Borussia Dortmund have around 140,000 voting members, paying an annual fee of €62. This makes it exceedingly difficult to implement changes like ticket prices. On the other hand, Leipzig have only 17 members with voting rights, most of which are associated with or employed by Red Bull. They charge a joining fee of €100 with membership costing between €800 to €1,000, depending on the level chosen. None of these bring voting rights. The rule was not legally broken and the clubs had its necessary members to move on.

Fans worry that Red Bull have paved the way for new investors to do the same. It looked like Red Bull didn’t value their fans, and protests were carried out in response. Notably, Union Berlin fans, all clad in black, spent the first 15 minutes of a tie in 2014 ominously silent, highlighting the importance of their presence. Dynamo Dresden fans responded by throwing a severed bull’s head onto the field, and both made the headlines.

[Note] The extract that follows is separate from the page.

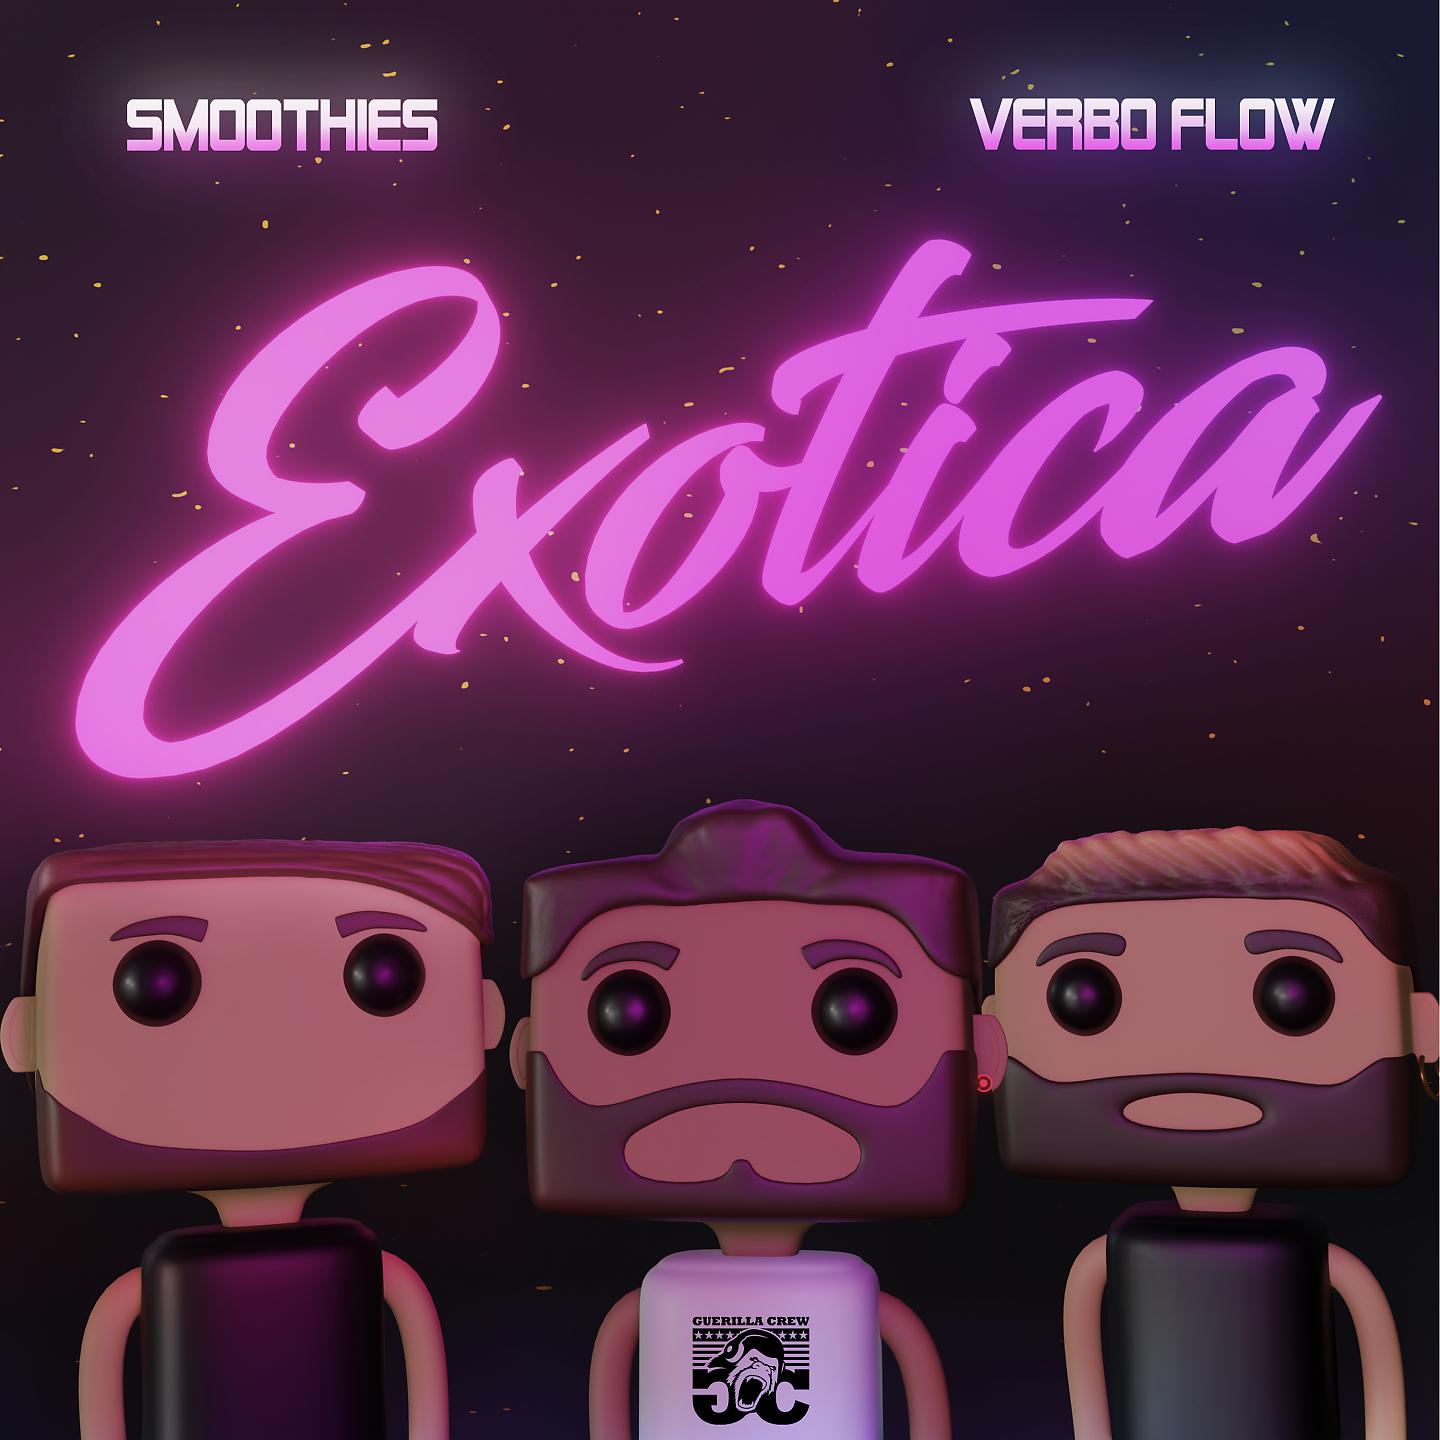 Постер альбома Exotica

Their acquisition of Austria Salzburg was even less tactful, but received far less coverage in global media. When Red Bull came to the club, Austria Salzburg wore violet. The brand was quick to remove all traces of that colour and refused to acknowledge any of the club’s history before 2005. Fans, understandably, felt alienated and angry.

Lacking the organisational structure of German football, they created a new team, relinquishing an opportunity to start something from the bottom that was untarnished by the overt commercialization Red Bull had brought. Moreso than their entry into German football, this felt like a hostile takeover. Red Bull’s offer of retaining the violet for the goalkeeper’s socks at away games only read like an insult to the fans. 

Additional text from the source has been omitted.